• WHAT IS NEEDED: Reproduce, from the lines below, exactly the stretch that begins at the line containing "Antique Painted Edwardian" and ends at the line containing "India opens its", both included.

• MATERIAL SUPPLIED:
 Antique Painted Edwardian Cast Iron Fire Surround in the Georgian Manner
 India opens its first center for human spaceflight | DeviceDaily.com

* * *

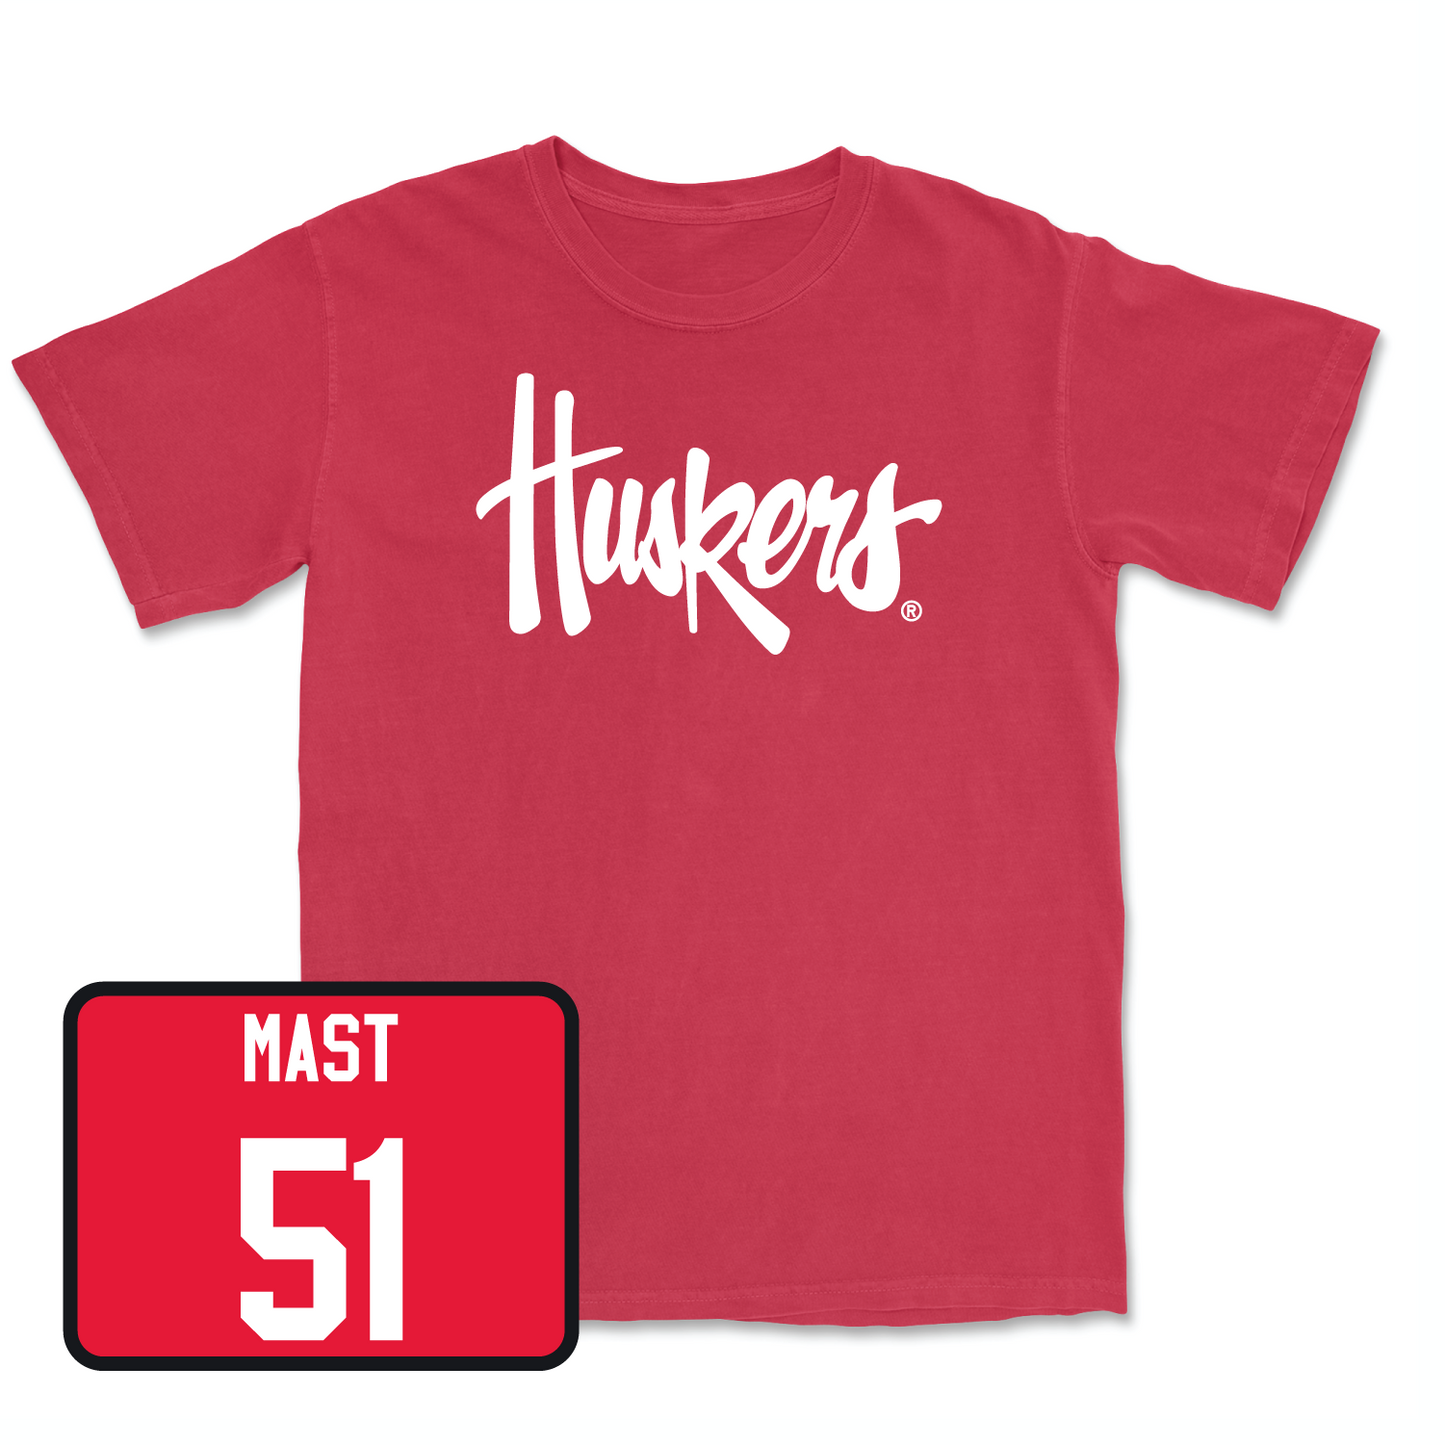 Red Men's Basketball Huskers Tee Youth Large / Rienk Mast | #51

--

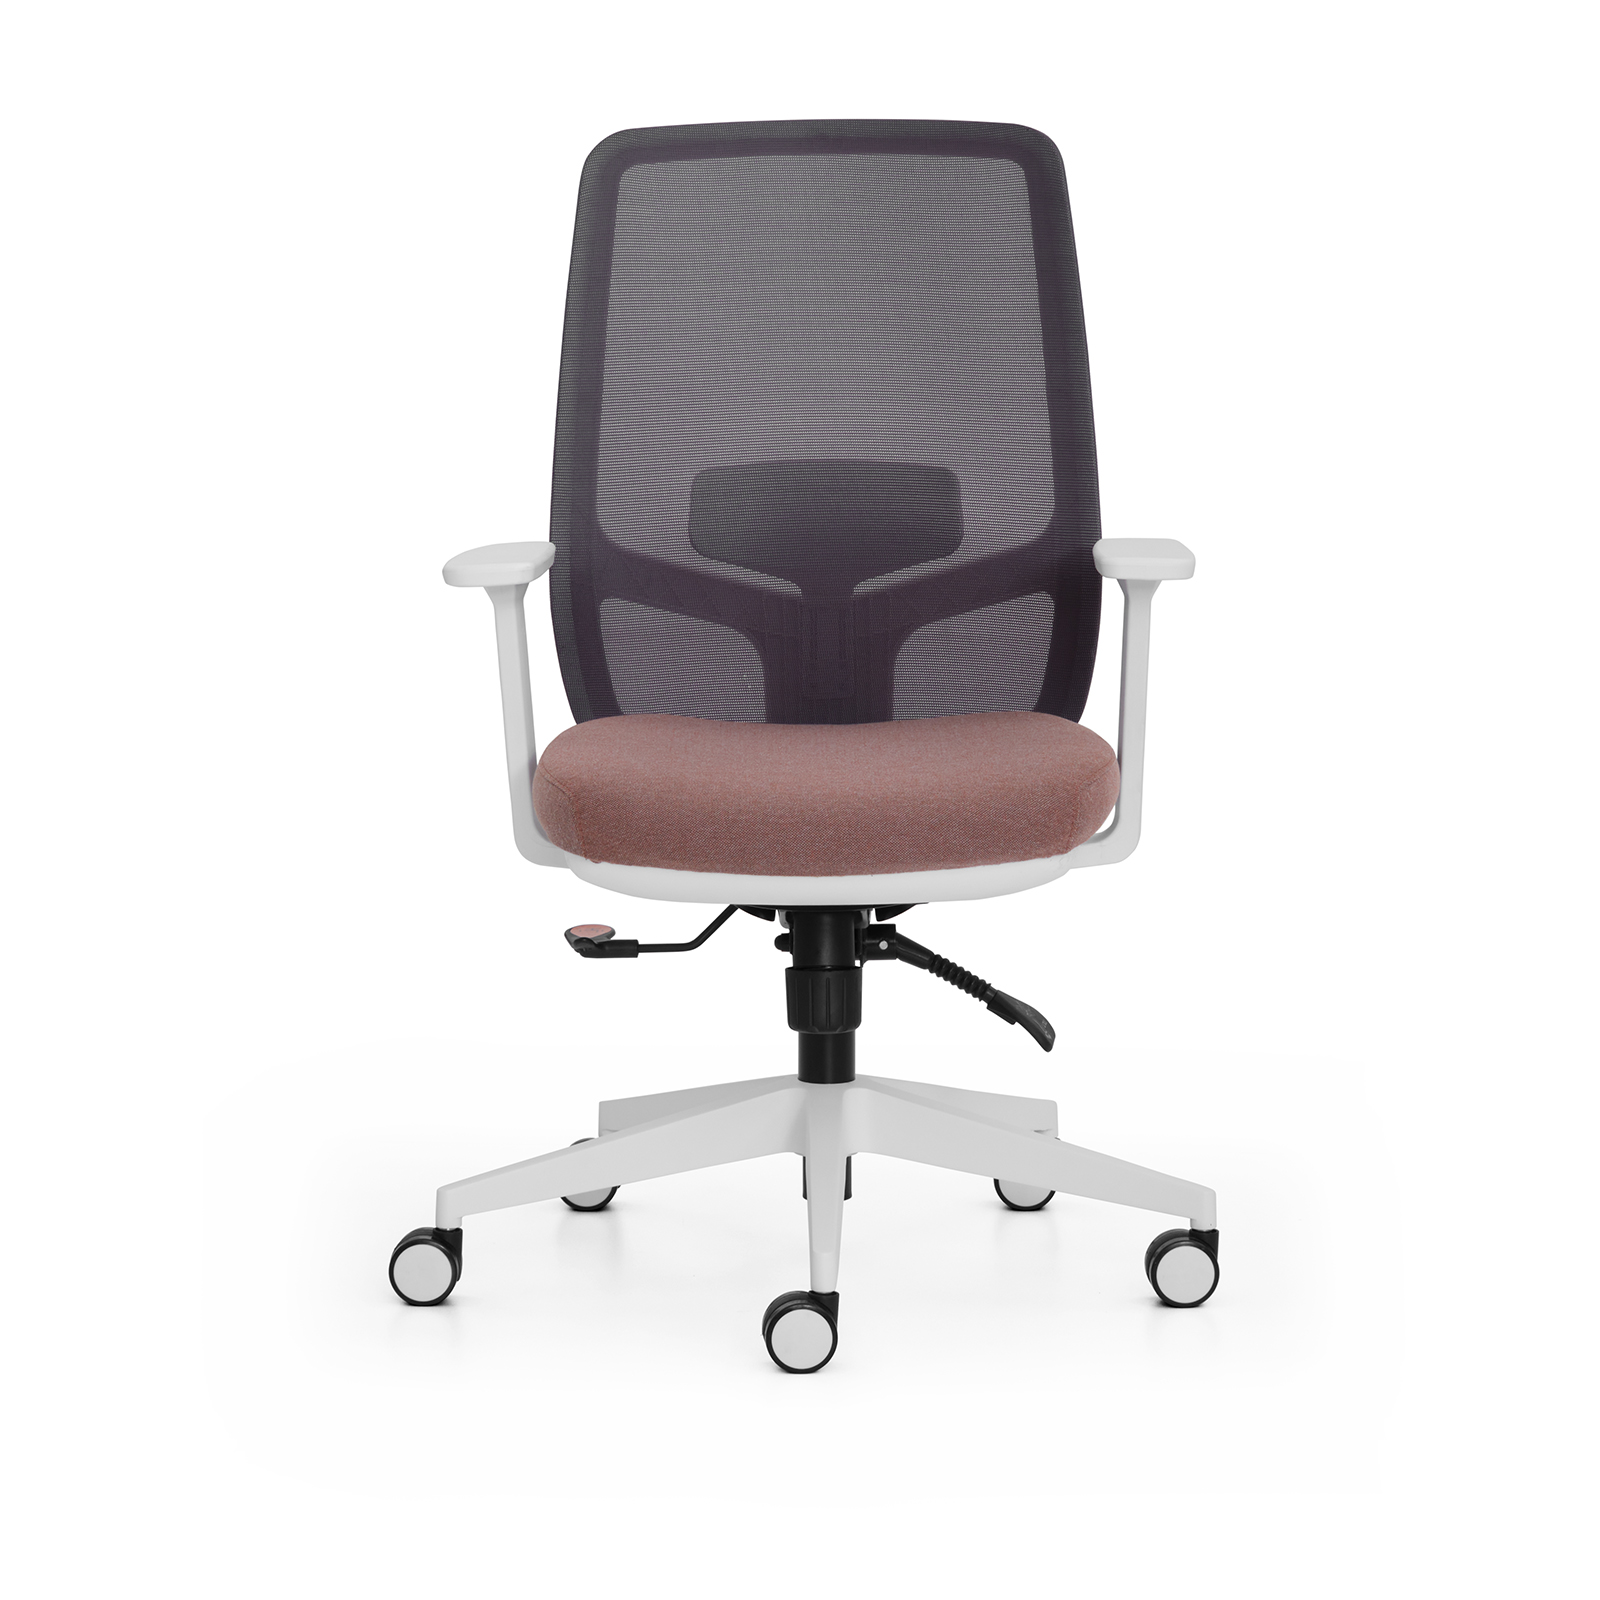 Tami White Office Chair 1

• REPLY:
 Antique Painted Edwardian Cast Iron Fire Surround in the Georgian Manner
 India opens its first center for human spaceflight | DeviceDaily.com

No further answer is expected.